Chinese-style Apprenticeship System and Digital Teaching Resources: The Inheritance Path of Traditional Crafts
Bibliographic record
Abstract
Chinese traditional crafts represent an important cultural heritage. However, with the advancement of modernization, the inheritance of these crafts has encountered challenges such as a talent gap and the loss of craft carriers. Therefore, this study explores an innovative model integrating the Chinese-style apprenticeship system with digital teaching resources, with the aim of promoting the effective inheritance and innovative development of traditional crafts through vocational education. The study employed case analysis, in-depth interviews, and other research methods to thoroughly examine the implementation pathways and development directions of traditional craft inheritance. The research revealed that innovations within the Chinese-style apprenticeship system, such as the establishment of coherent educational systems, dual identity recognition, curriculum framework development, and teaching content enhancement, significantly improved students' comprehension of traditional craft theories and their mastery of vocational skills. Furthermore, with the support of digital teaching resources, students were immersed in interactive learning environments, which fostered deep and active learning experiences, enabling both the critical inheritance and derivative creation of traditional crafts.
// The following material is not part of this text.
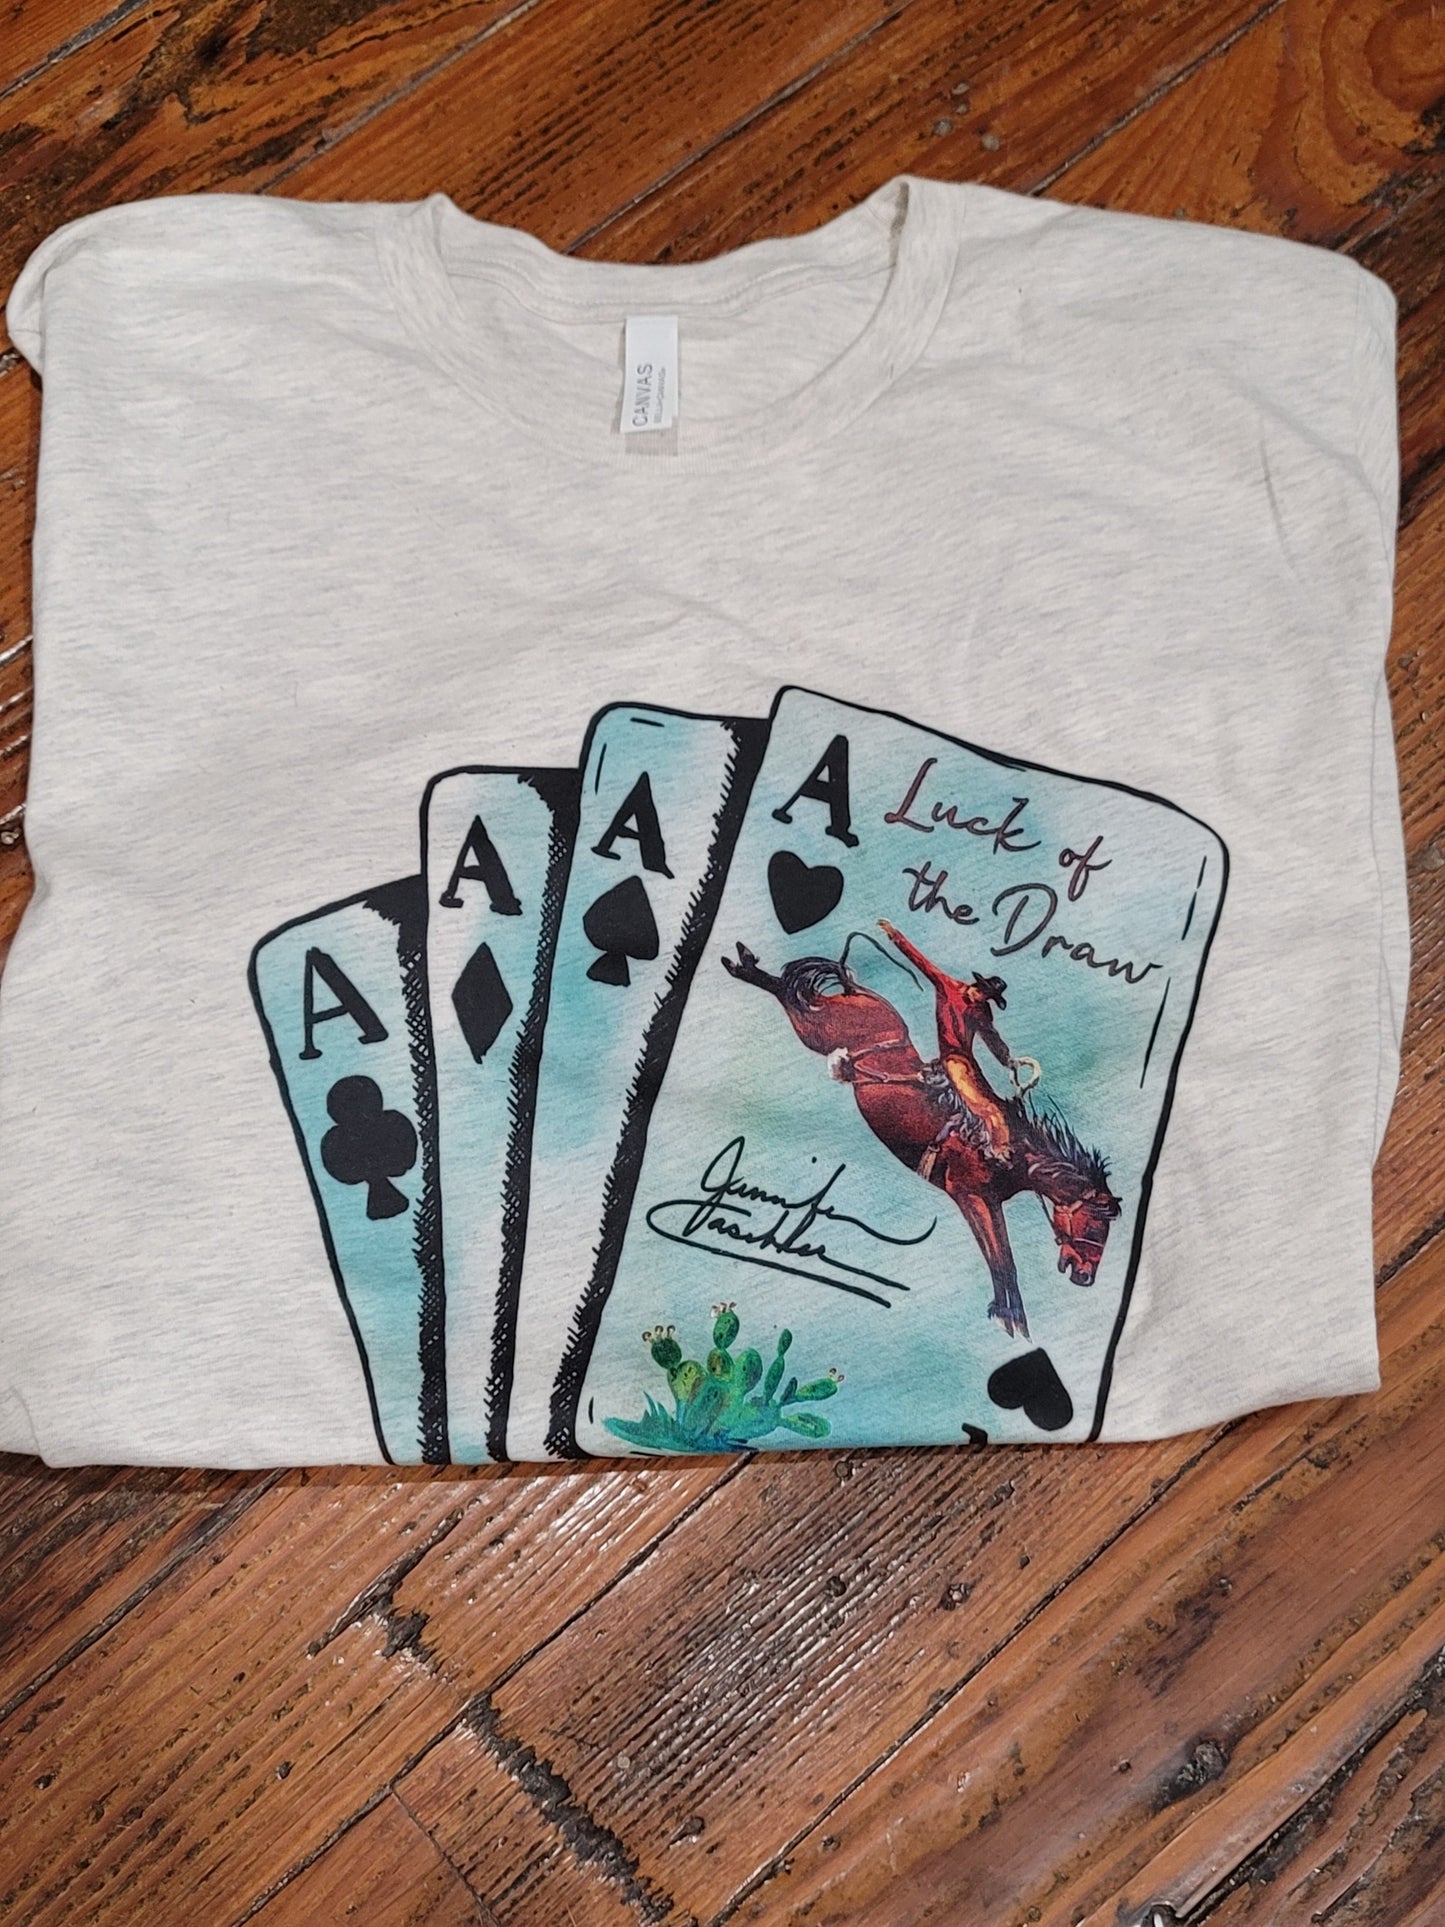 The Luck of the Draw T-shirt, Jennifer Casebeer Art

The conclusion drawn from this study suggests that the integration of the Chinese-style apprenticeship system with digital teaching resources possesses broad applicability and offers valuable insights for the teaching reform of modern vocational education. Future research may further explore the applicability of this model in other cultural heritage inheritance domains and investigate how generative AI technology can be utilized to facilitate the timely inheritance of traditional crafts.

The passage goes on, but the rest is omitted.